Pass the structure the CG model was built from (same atom order). The
atom-to-bead lines are drawn automatically for small structures; toggle them
with show_assignment=True/False, and the bead legend appears when there are
few enough beads to stay readable (max_legend).
From the command line¶
molscope coarse-grain maps a structure to beads and writes a coordinate file
you can open in PyMOL, ChimeraX, or Mol*:
molscope coarse-grain structure.pdb --mapping martini --out cg.pdb
molscope coarse-grain --fetch 1fqy --mapping residue_com --out cg.pdb
molscope coarse-grain structure.pdb --mapping martini # summary only, no file
--mapping is residue_com (default), residue_centroid, or martini. The
output format follows the --out extension (.pdb, .cif, or .xyz); beads
are written as pseudo-atoms with their bead names (BB/SC for Martini), and
the bead bond network is written as CONECT records for .pdb output. .cif
and .xyz carry coordinates only, so prefer .pdb when you want the network to
show up in a viewer. The command always prints the mapping coverage.
Inspect the bead assignment¶
Every coarse-grained Molecule carries a structured report describing exactly
which atoms went into each bead:
cg = mol.coarse_grain("martini")
report = cg.coarse_grain_report
print(report.coverage()) # "426 beads from 1661/1661 atoms"
print(report.n_beads, report.n_assigned, report.n_dropped)
first = report.beads[0]
print(first.name, first.resname, first.resid, first.chain)
print(first.atom_indices) # source-atom indices, in order
print(first.atom_names) # ["N", "CA", "C", "O"]
print(first.reduction) # "centre of mass"
if report.virtual_sites:
site = report.virtual_sites[0]
print(site.name, site.parents, site.rule, site.weights)
print(cg.mapping_report()) formats the whole thing as text (beads, dropped
atoms, and bonds), and cg.coarse_grain("...", return_report=True) returns the
(molecule, report) pair directly.
Export and reload a mapping¶
Save the mapping to JSON, reload it, and re-apply it to a structure. Because the
record stores per-bead atom indices, repeated bead names such as BB/SC
round-trip cleanly:
ms.write_cg_mapping(cg, "mapping.json") # or: cg.write_mapping("mapping.json")
record = ms.read_cg_mapping("mapping.json")
cg2 = ms.apply_cg_mapping(mol, record) # rebuild on the same (or matching) structure
cg_mapping_to_dict(cg) returns the same record as a plain dict without
touching disk. For inspection in tools that read index files, write a
GROMACS-style .ndx with one group per bead (1-based atom serials):
ms.write_cg_index(cg, "mapping.ndx") # or: cg.write_index("mapping.ndx")

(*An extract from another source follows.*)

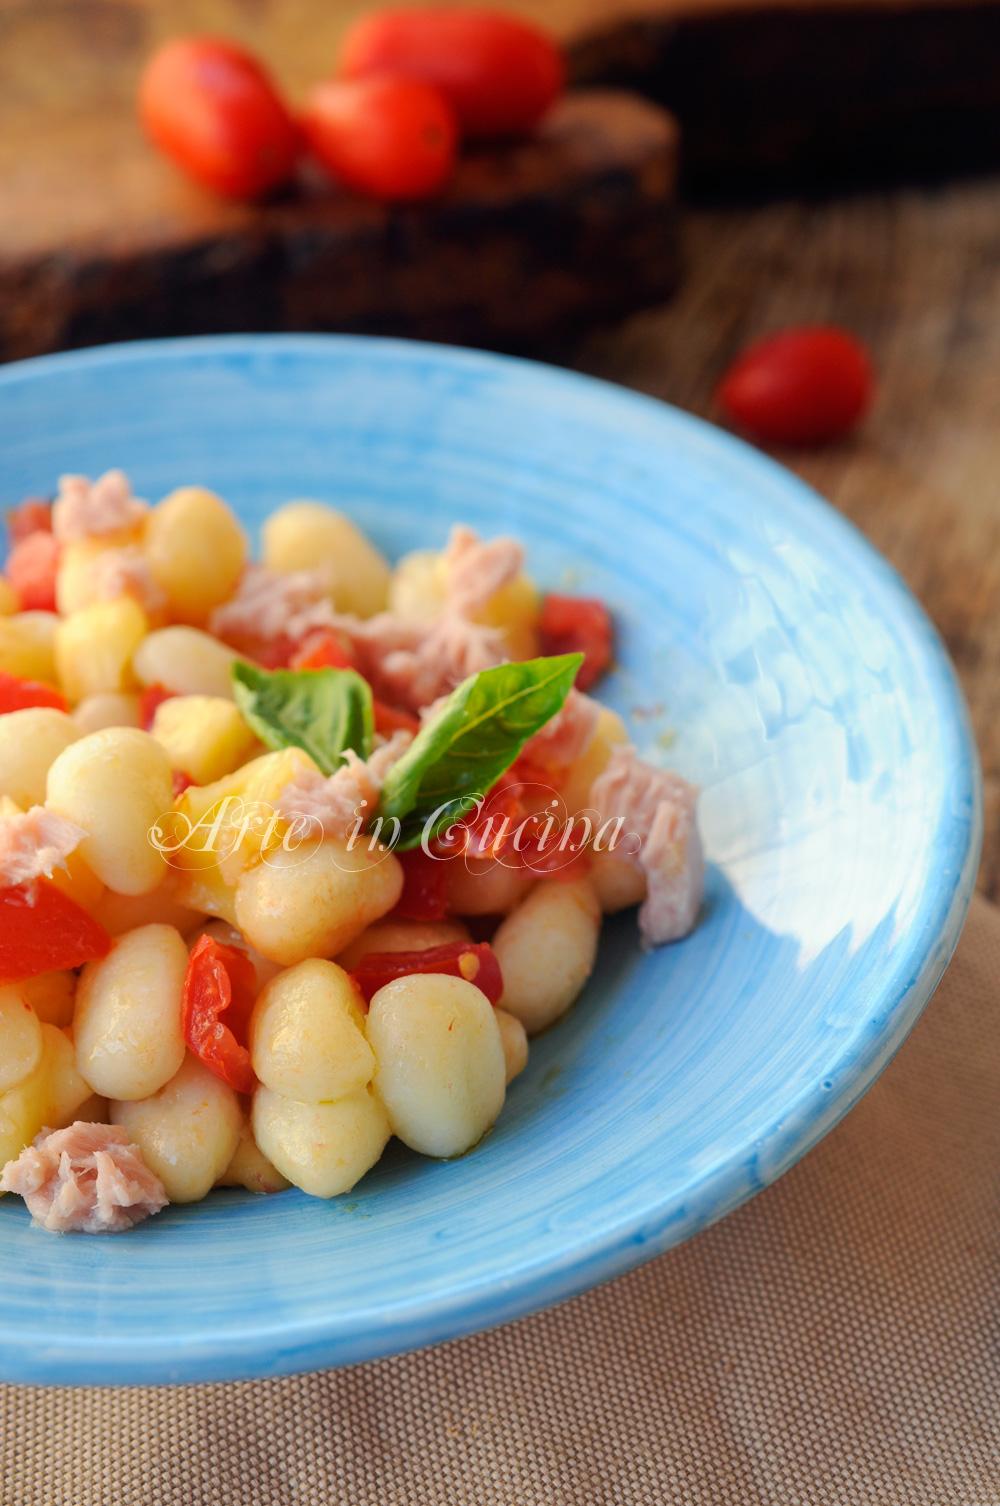 Gnocchi freddi all'insalata ricetta veloce vickyart arte in cucina

The bead Molecule itself still writes as ordinary coordinates with its CG
bonds preserved:
ms.write_pdb(cg, "beads.pdb") # CONECT records carry the bead bonds
Simulation-skeleton exports¶
For a starting point in a production engine, MolScope writes topology skeletons: connectivity and per-bead bookkeeping, but no force constants or non-bonded parameters.
ms.write_cg_openmm_xml(cg, "cg.xml") # OpenMM residue-template ForceField
ms.write_cg_itp(cg, "cg.itp") # GROMACS [moleculetype]/[atoms]/[bonds]/[angles]
The OpenMM XML defines bead types, masses and bonds per residue template. The
GROMACS .itp lists beads as [atoms] (type CG_<resname>_<bead>, zero charge,
bead mass), the bead bonds, and [angles] enumerated from the bond network
(every i-j-k where i-j and j-k are bonds). Both omit force constants,
reference values and non-bonded parameters, so map onto a Martini /
elastic-network model and fill those in before running dynamics.
Mapping reports¶
cg = mol.coarse_grain("martini")
print(cg.mapping_report())
cg, report = mol.coarse_grain(mapping, return_report=True)
Limitations¶
MolScope is useful for interpretable coarse-graining prototypes, visual mapping inspection, and graph/ML representations.
It does not:
- assign Martini bead types or force-field parameters,
- assign force constants, reference geometries, charges, non-bonded or exclusion
terms (the
.itplists bond/angle connectivity only), or create dihedrals, - build validated production simulation topologies,
- write GROMACS
[ virtual_sites* ]topology sections, - validate elastic networks, bead chemistry, or thermodynamic behavior,
- replace a Martini preparation workflow.
The .ndx and JSON exports describe a bead assignment for inspection and reuse,
and the OpenMM XML and GROMACS .itp are topology skeletons; none are
simulation-ready force fields.